Berlin. John Bellon Emerson, man muss das gleich mal sagen, ist ein freundlicher Mann. Blick in die Augen, kräftiger Händedruck, immer gut für einen Scherz.

Und zu normalen Zeiten hätte einen der neue US-Botschafter in Deutschland an einem solch perfekten Spätherbsttag vielleicht auch auf die Dachterrasse gebeten, wo man das Pferdegespann des Brandenburger Tors so nah vor sich hat wie nirgendwo sonst. So aber findet man sich in einem dunklen Zimmer im Erdgeschoss wieder.

Das hat seinen Grund darin, dass die Dinge zwischen Deutschland und Amerika derzeit nicht so sind, wie sie sein sollten. Augenblicklich zeigen die Amerikaner ihre Vertretung nicht so gerne vor wie sonst. Schon gar nicht den merkwürdigen Aufbau oben auf dem Dach, wo sich hinter grauem Stein und Sichtblenden angeblich eine Abhör-Einrichtung befindet: Von hier oben soll eine Sondereinheit der US-Geheimdienste namens „Special Collection Service“ (SCS) das Handy von Angela Merkel abgehört haben.

Der „Spiegel“, der die ganze Angelegenheit ins Rollen brachte, hat die mutmaßliche Spionagezelle sehr passend das „Nest“ getauft. Emerson selbst spricht nur vom „Fourth Floor“, der vierten Etage. Mehr sagt der Botschafter nicht. Eine ganze Woche lang hat der Diplomat geschwiegen, seit er wegen der Spionagevorwürfe ins Auswärtige Amt einbestellt worden war - praktisch die Höchststrafe zwischen befreundeten Staaten. Aus der ganzen Botschaft gab es zu all den Verdächtigungen keinerlei Kommentar.
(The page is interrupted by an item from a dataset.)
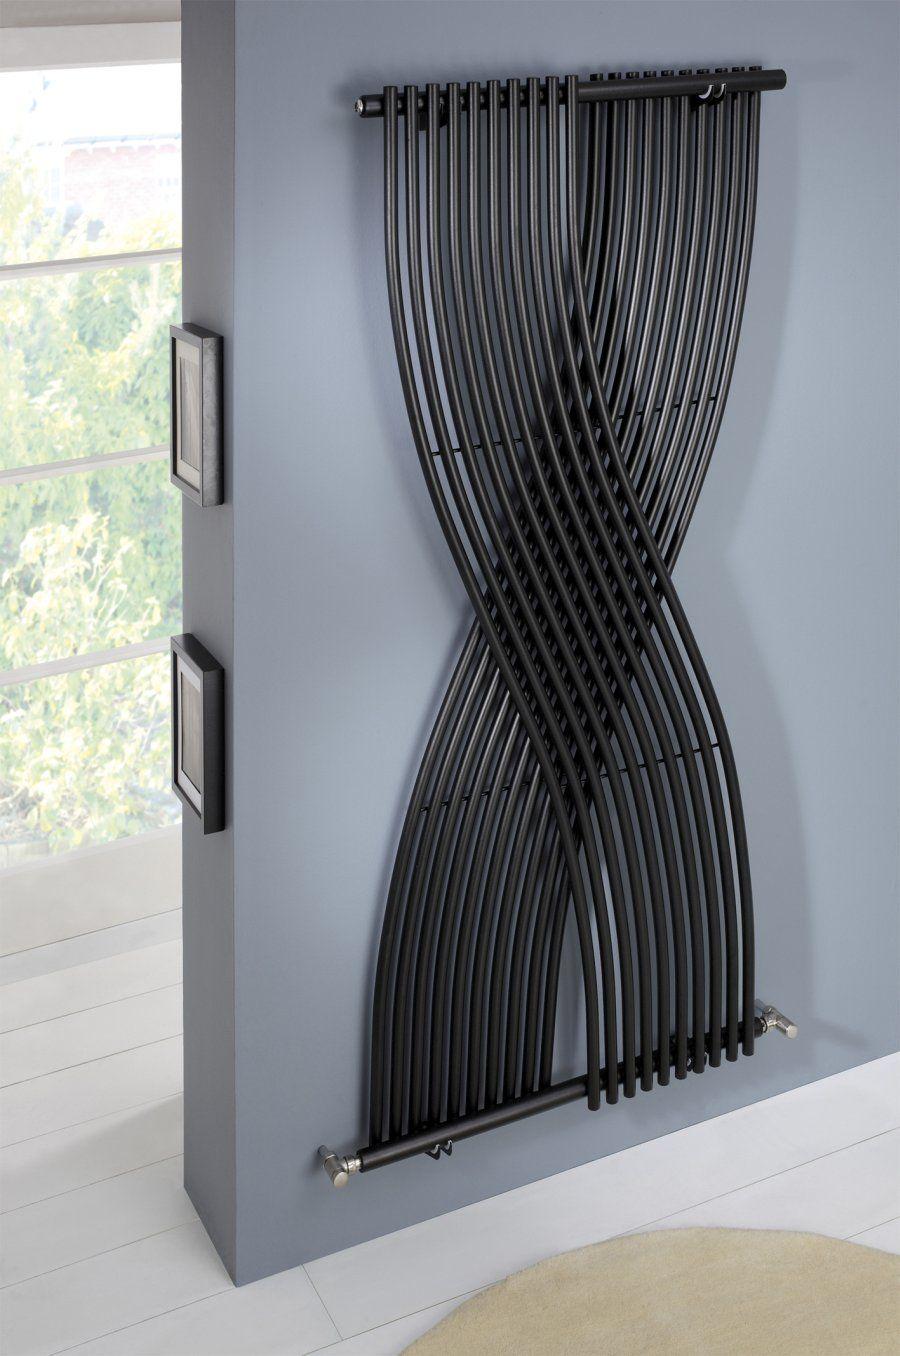 mhs gemini wall mounted radiator in matt black  radiators

Am Donnerstag ließen die Amerikaner dann doch wieder einige ausgewählte Presseleute in ihre Vertretung - in eine Art Vorzimmer gleich hinter dem Eingang. Der Rest der Botschaft blieb tabu. Emerson machte deutlich, dass das zunächst einmal so bleiben soll.

Den Vorschlag, die vierte Etage zur Besichtigung freizugeben - als Beweis dafür, dass dort nicht zu verbergen ist -, wies er mit einem einfachen „No“ strikt zurück. Das Recht hat er dabei auf seiner Seite: Nach dem Wiener Übereinkommen sind alle diplomatischen Vertretungen weltweit „unverletzlich“.

Emerson wollte auch keinerlei Auskunft darüber geben, was sich in dem Aufbau befindet. „Ich werde mich zur Struktur des Gebäudes nicht äußern.“ Als Botschafter wisse er natürlich sehr genau Bescheid, was die Vertretung so alles unternehme. Nur so viel: Umbesetzungen habe es seit Bekanntwerden der Affäre keine gegeben. Damit reagierte der US-Statthalter in Berlin auf Spekulationen, dass die Amerikaner einige Geheimdienstler vorzeitig nach Hause schicken, bevor die Bundesregierung sie zum Verlassen des Landes bittet.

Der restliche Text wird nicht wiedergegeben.